I should have stopped there. But then the dog that is destined to be lost would usually not heed the hunter’s whistle. I mentioned a couple of my cousins who rode “Marwa” tricycles for a living in the dirty overcrowded parts of Lagos. Surely, she could give them this magical object and they could present their CV with job experience in riding “Marwa” tricycles and barely completed secondary school education as the content. If this magical thing really worked, they would easily get specialist consultant jobs in teaching hospitals, no? So it was me, with all the alphabets behind my name that required spiritual assistance to get a job. I see.

That was the technical knockout and in my naiveté I was secretly overjoyed that she finally got it. I pressed home my imagined advantage. We know why a psychiatrist would be jobless in a country where there’s practically an epidemic of mental illness and a severe dearth of psychiatrist. Clearly, there’s a policy maker somewhere whose head is completely incorrect! A moron would see the available data laid out above and make the right decision 100 times out of 100 times! But it’s Nigeria. Look at the quality of those we elect every four years to govern us! Look at the quality of those they appoint to man important parastatals that are directly related to human development and economic progress. Just look at them!
Of course I landed in trouble for all that analysis. Family meeting upon family meeting were called “on my head”. In the end I had to find someone in the family who had her authentic password to pacify her.

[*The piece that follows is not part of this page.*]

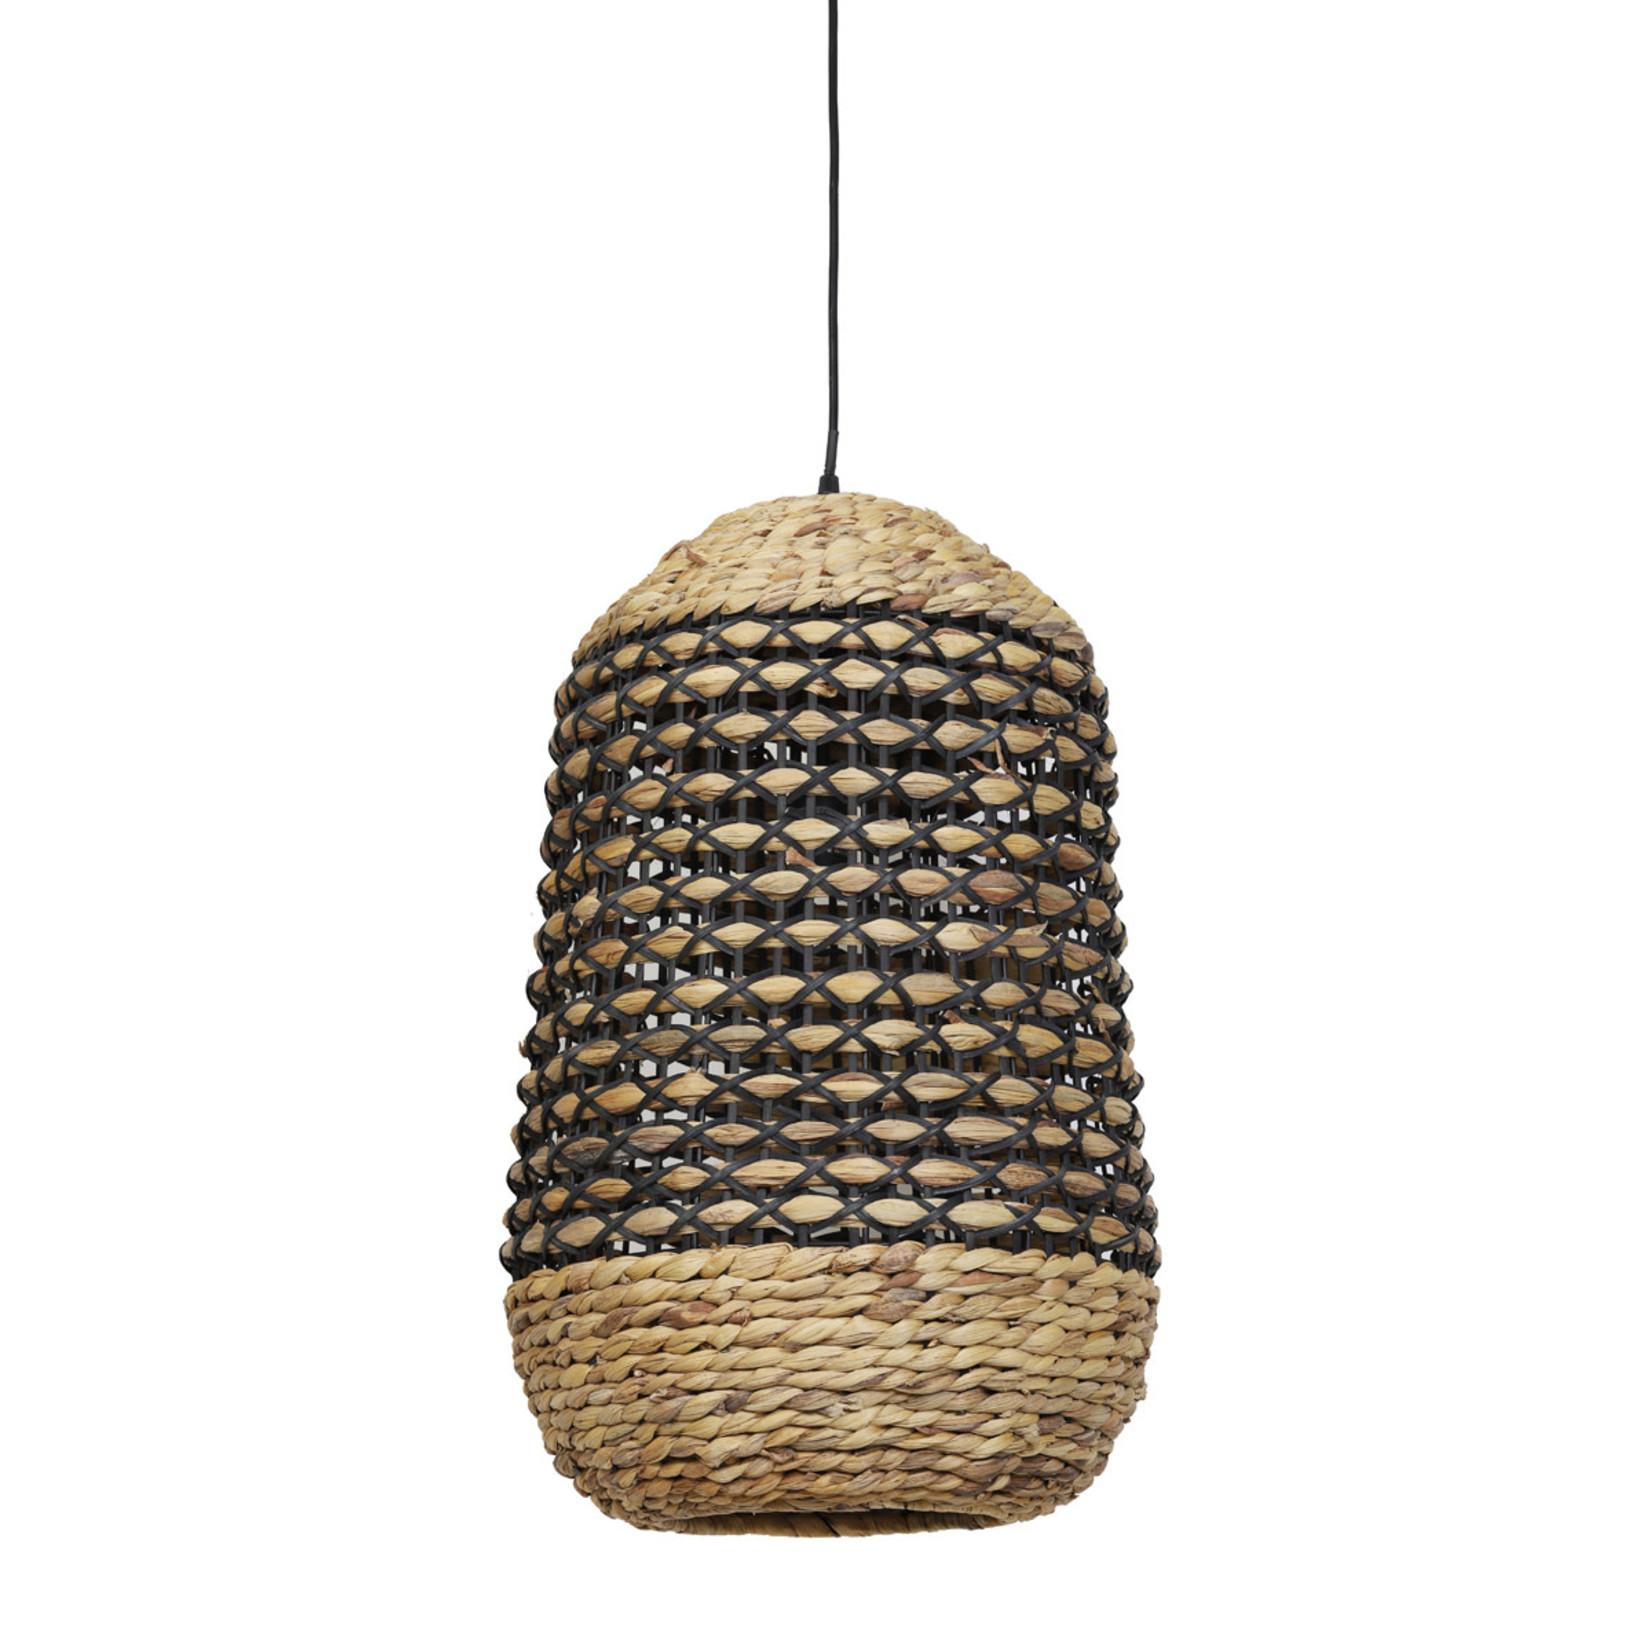 Light & Living Hanglamp Tripoli 37,5x58 cm naturel/zwart

But would you blame the poor old woman?
The only thing she could understand in the whole complex situation was her monthly allowance that was no longer forthcoming. She didn’t have the education or exposure to understand her world. She had no tools to understand the situation. So she resorted to the supernatural and in that realm, magical thinking was the solution to her problem.
So imagine the millions of unemployed Nigerians. Multiply that by several helpless mothers like mine, who just can’t make sense of it and are in utter despair, seeking magical solutions where none exists.

In what universe would there be forgiveness for those who are elected and appointed to think and act on behalf of the vulnerable members of society such as the elderly mothers of unemployed men and women, and protect them from having to confront the unemployment of the children who support them in their old age?

It is not the jobs of these vulnerable elderly persons to run the economy or make policies. The only thing they should be doing is to vote. It is the job of those who are elected to act on their behalf and help insulate them from hardship and situations they were never equipped to confront and respond to.

But we always fail them. Over and over again, we fail them. Elected and appointed officials alike fail them through incompetence, corruption, complete lack of vision and sometimes, plain idiocy.